§ Recorded data:
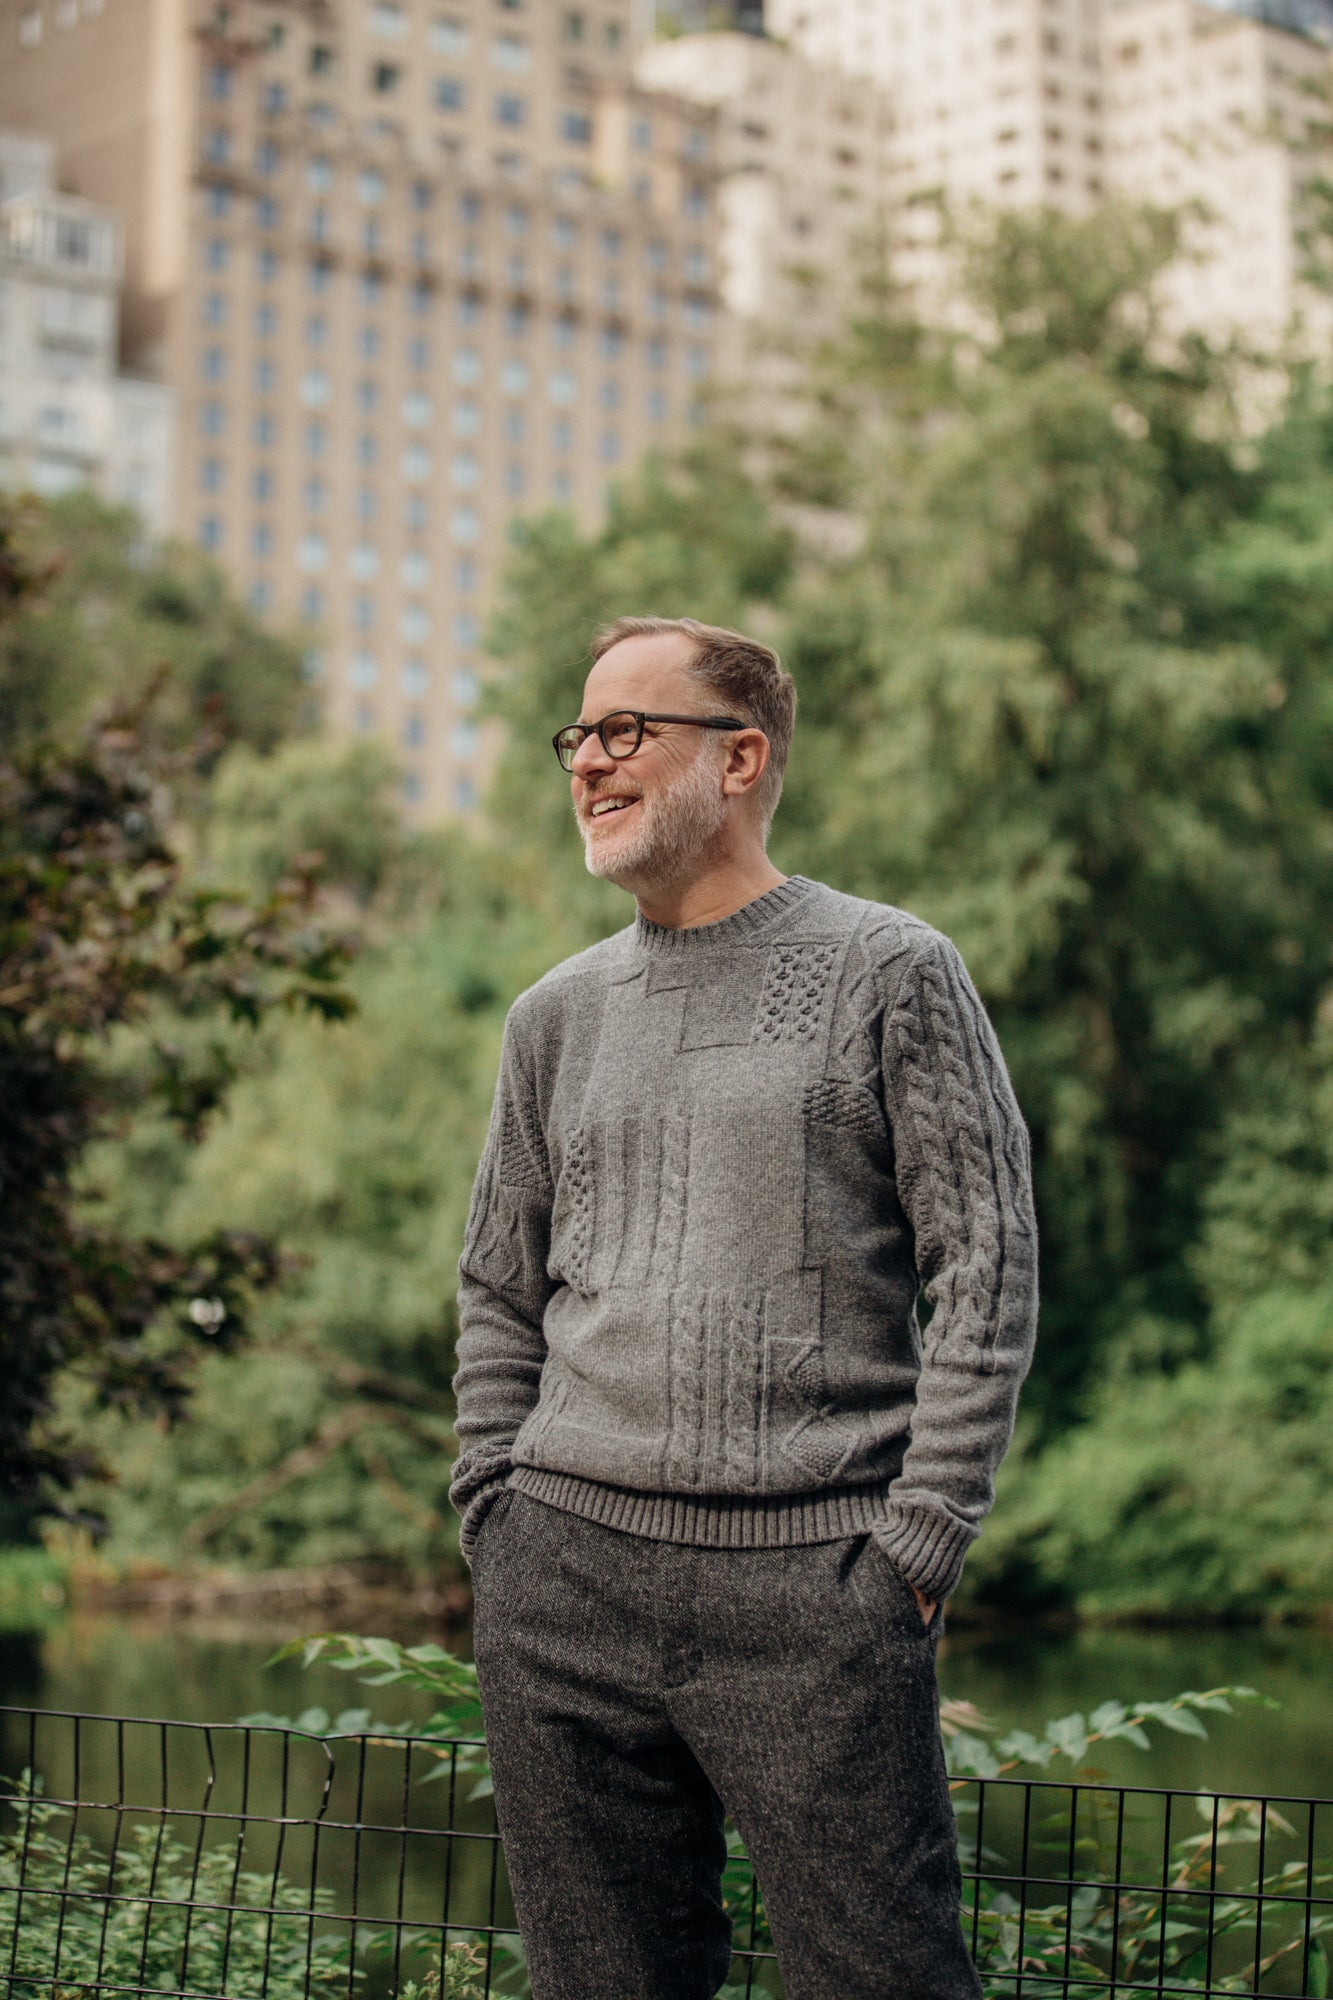 A man stands in a park wearing a glasses and a grey knit sweater.
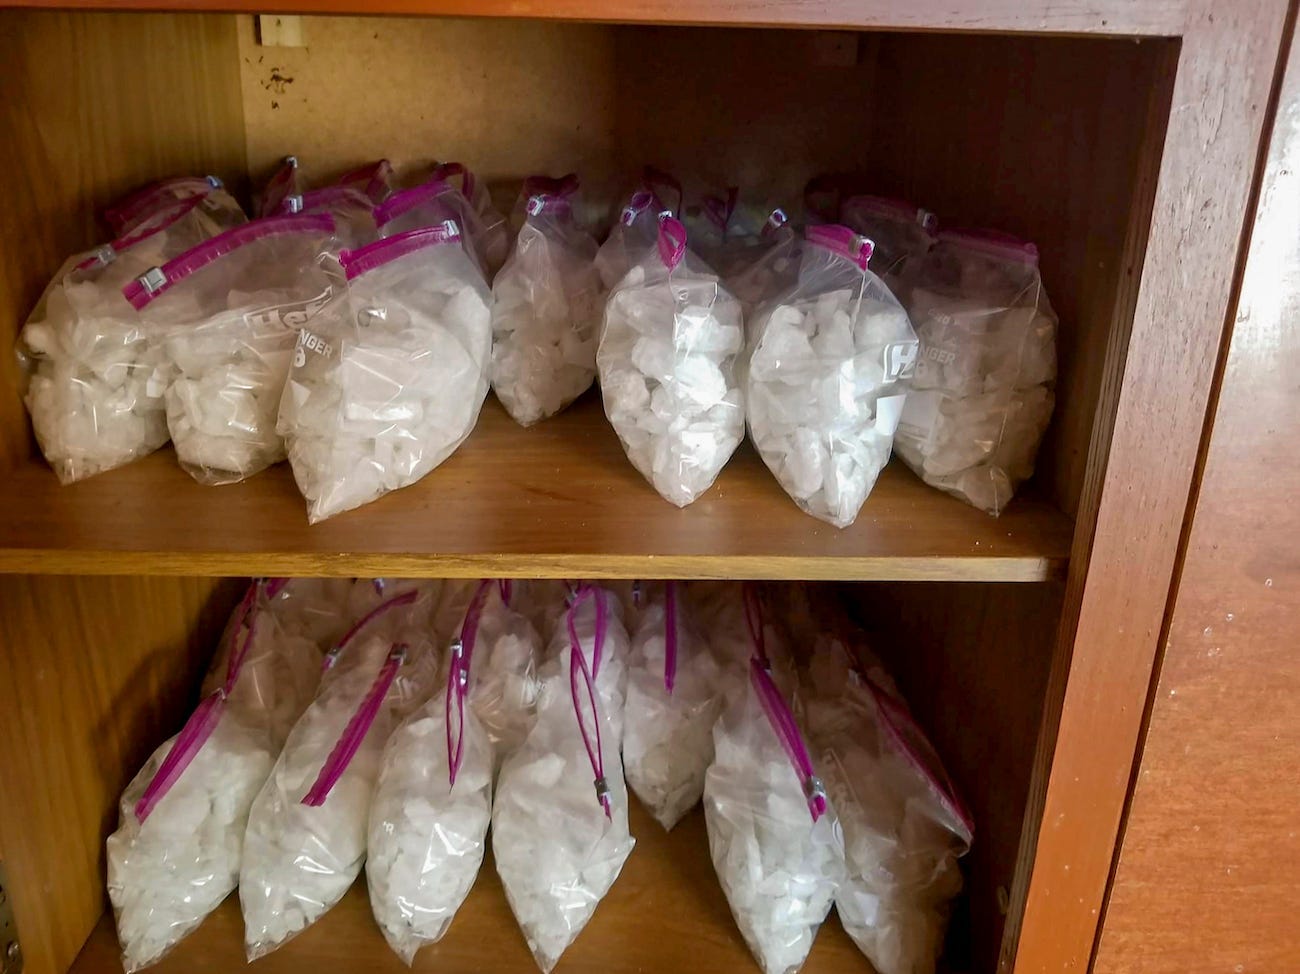 This Jan. 23, 2020, file photo released by the Tulare County Sheriff's Office shows evidence seized after a Jan. 5 traffic stop led officers to major methamphetamine and fentanyl trafficking operation, including labs inside three homes in Pixley, Calif., and drugs with a street value of $1.5 million, authorities said. A record 621 people died of drug overdoses in San Francisco so far in 2020, a staggering number that far outpaces the 173 deaths from COVID-19 the city has seen thus far.
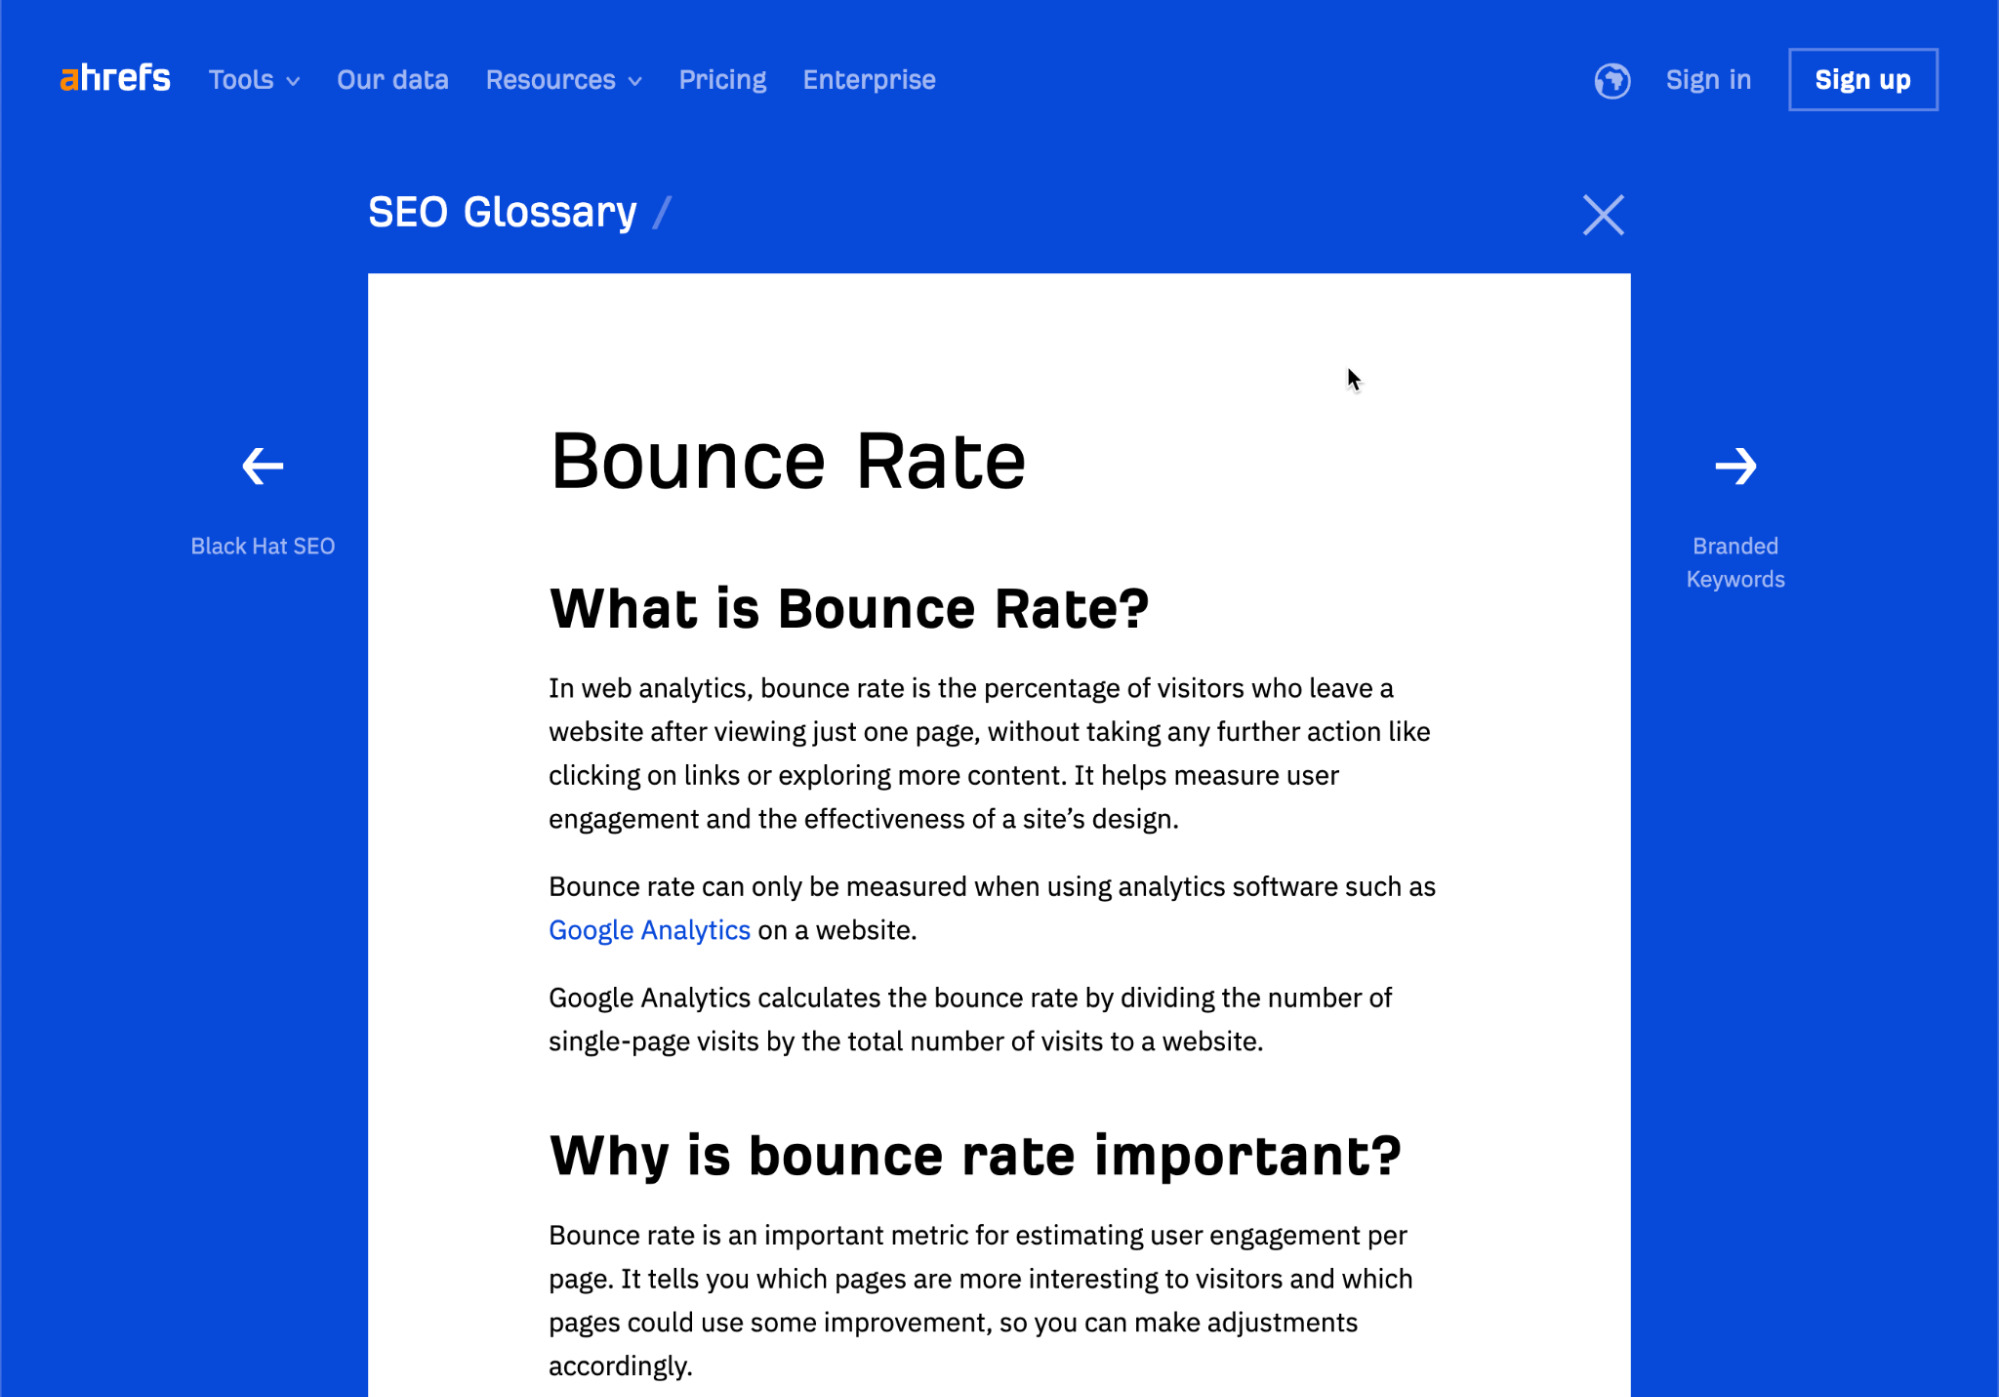 Our glossary post about bounce rate

§ Activity:
Restate word for word each line from the one containing "This Jan. 23, 2020, file" through the end of the material, pictures excluded.

§ Output of the exercise:
 This Jan. 23, 2020, file photo released by the Tulare County Sheriff's Office shows evidence seized after a Jan. 5 traffic stop led officers to major methamphetamine and fentanyl trafficking operation, including labs inside three homes in Pixley, Calif., and drugs with a street value of $1.5 million, authorities said. A record 621 people died of drug overdoses in San Francisco so far in 2020, a staggering number that far outpaces the 173 deaths from COVID-19 the city has seen thus far.
 Our glossary post about bounce rate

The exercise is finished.